I was curious about that. In some ways its a win win situation for D*. They get additional money from someone paying for ST even though they dont have an account. More money, isnt that what its all about?


----------



## dcowboy7 (May 23, 2008)

GiantsFan383 said:


> NFL network with a game every Thursday now


Not every....just 13 of the 17 weeks.


----------



## zimm7778 (Nov 11, 2007)

I've said that the last 2 I think. They could easily use ST as the ultimate bargaining chip to get NFL Network on every cable outlet and in the package they want it in. The "8 games" plan when they first started carrying live games didn't work but if they told providers you can offer the full ST now if you take NFL Network and put it in x package you can carry it. Most if not all would jump on board.


----------



## vthokies1996 (Oct 7, 2008)

dcowboy7 said:


> Not every....just 13 of the 17 weeks.


Incorrect. Starting this season, there is a Thursday night every week on NFL Network except weeks 12 (NBC has it, its Thanksgiving night) and Weeks 16 and 17.


----------



## dcowboy7 (May 23, 2008)

vthokies1996 said:


> Incorrect. Starting this season, there is a Thursday night every week on NFL Network except weeks 12 (NBC has it, its Thanksgiving night) and Weeks 16 and 17.


Youre incorrect.

Week 1 is nbc so thats as i said 13 of 17 on NFLN.


----------



## vthokies1996 (Oct 7, 2008)

My mistake, I misread and thought you had said NFLN only had weeks 13-17.


----------



## AlanSaysYo (Aug 22, 2007)

"dcowboy7" said:


> Youre incorrect.
> 
> Week 1 is nbc so thats as i said 13 of 17 on NFLN.
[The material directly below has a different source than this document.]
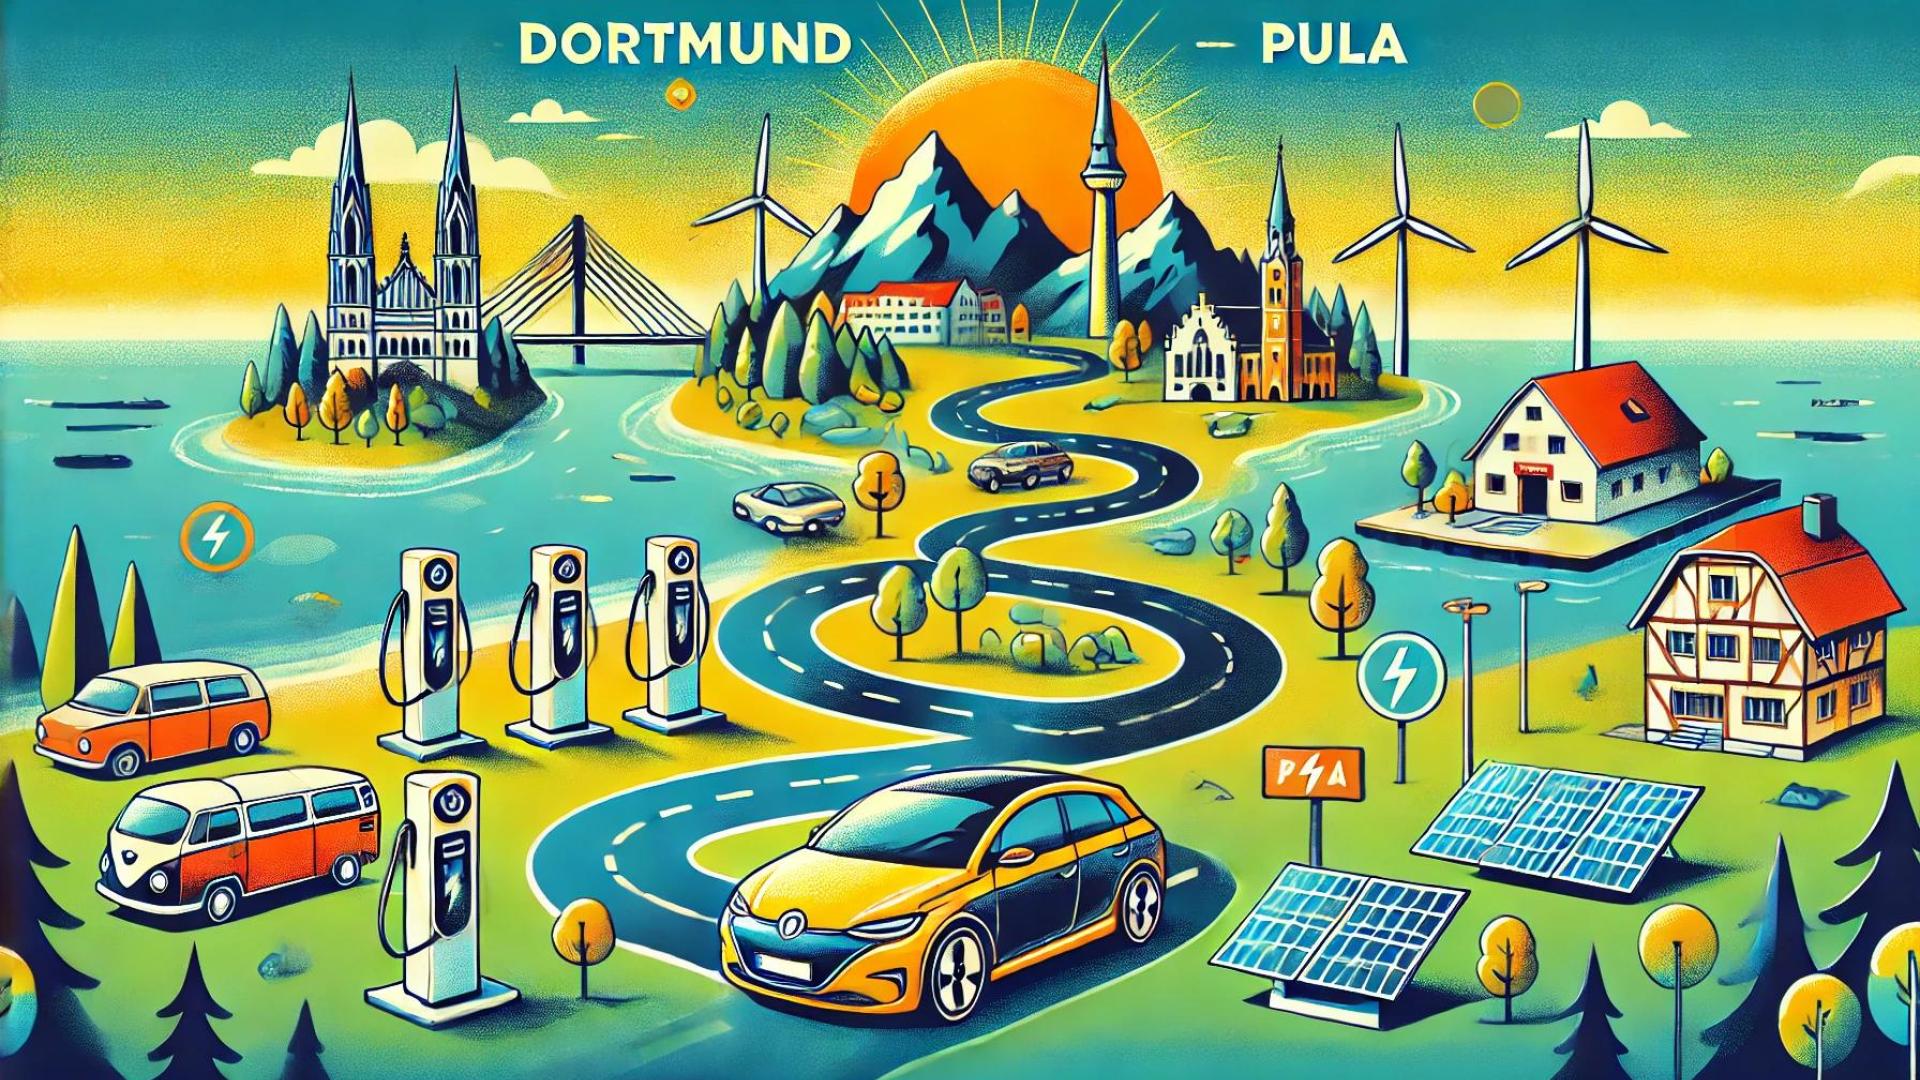 Reise von Dortmund nach Pula mit dem Elektrofahrzeug

You're both incorrect. Week 1 doesn't have a Thursday game - it has a Wednesday game.

I couldn't resist.


----------



## jlwilliams44 (Aug 9, 2012)

With Directv Everywhere is a satellite dish required? I wanted to get sunday ticket max, I live in an apartment complex where satellite dish is not allowed.


----------



## Justin23 (Jan 11, 2008)

"jlwilliams44" said:


> With Directv Everywhere is a satellite dish required? I wanted to get sunday ticket max, I live in an apartment complex where satellite dish is not allowed.


You can get a dish in your complex, as long as its installed in your exclusive use area that only you & your guests have access to (porch/patio/balcony).
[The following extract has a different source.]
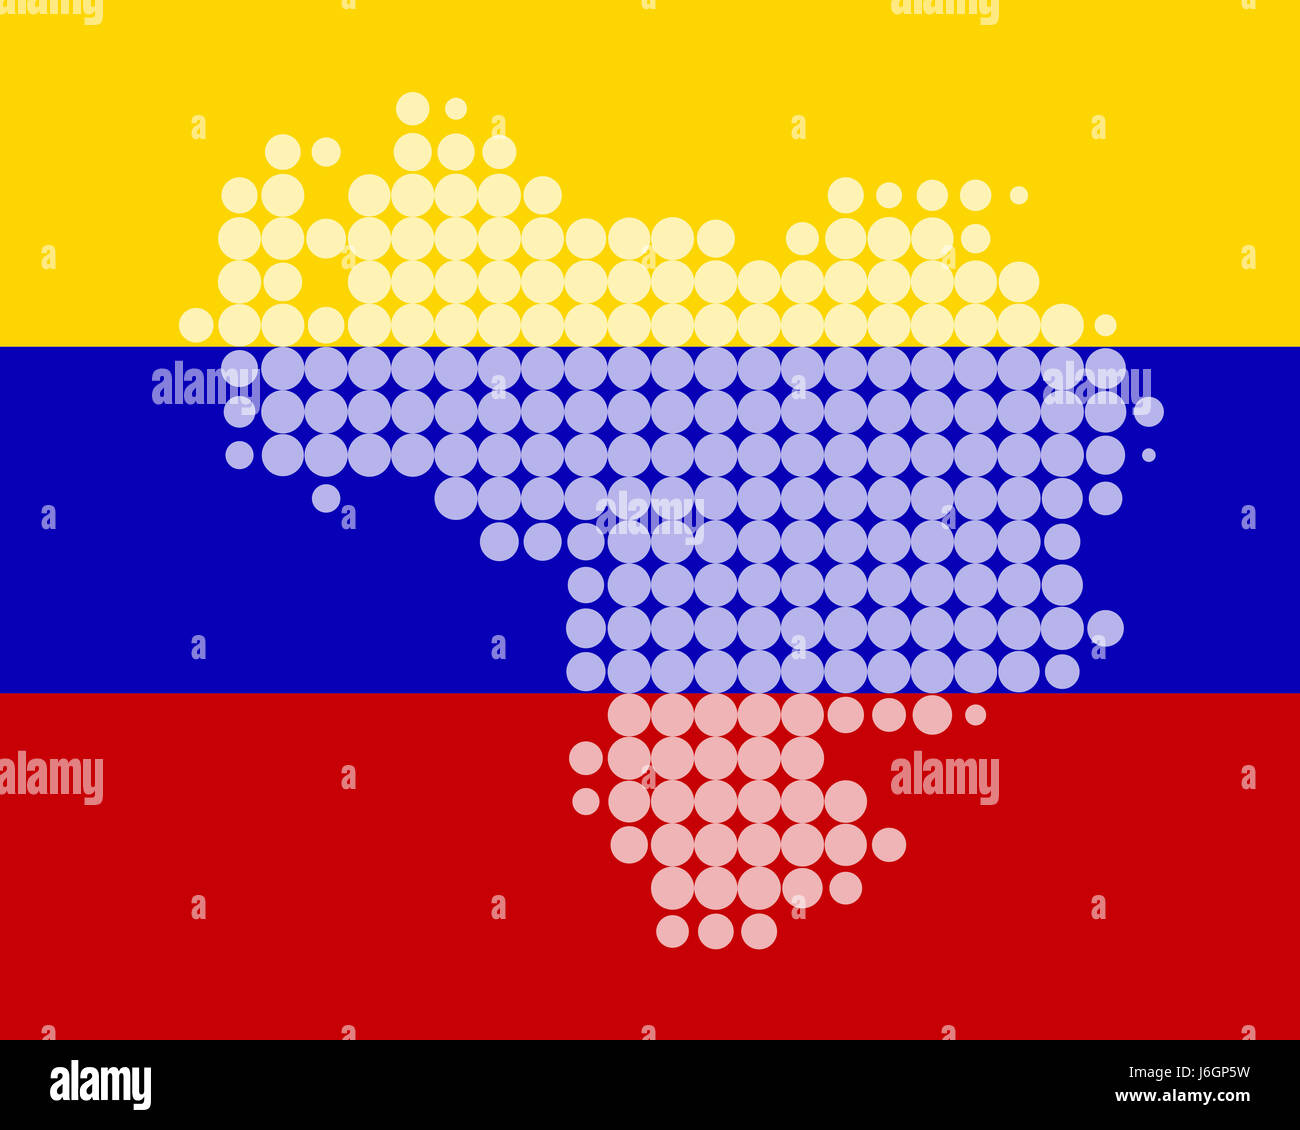 Bandiera america del sud america card venezuela atlas mappa del mondo mappa banner Foto Stock

Go to www.DIRECTV.com/FCC to see the OTARD rule.

If that's not an option you can get a standalone subscription to NFLST Mobile. Pricing & the website for ordering hasn't been released yet...

DIRECTV Everywhere is only for customers who subscribe to regular residential base packages


----------



## Beerstalker (Feb 9, 2009)

AlanSaysYo said:


> You're both incorrect. Week 1 doesn't have a Thursday game - it has a Wednesday game.
> 
> I couldn't resist.


And actually it's Sunday Night Football, on a Wednesday night :lol:


----------



## trainman (Jan 9, 2008)

Beerstalker said:


> And actually it's Sunday Night Football, on a Wednesday night :lol:


I can understand why NBC does it for the prime-time Olympics show...but I think that's going a little too far with the tape-delaying! :eek2:


----------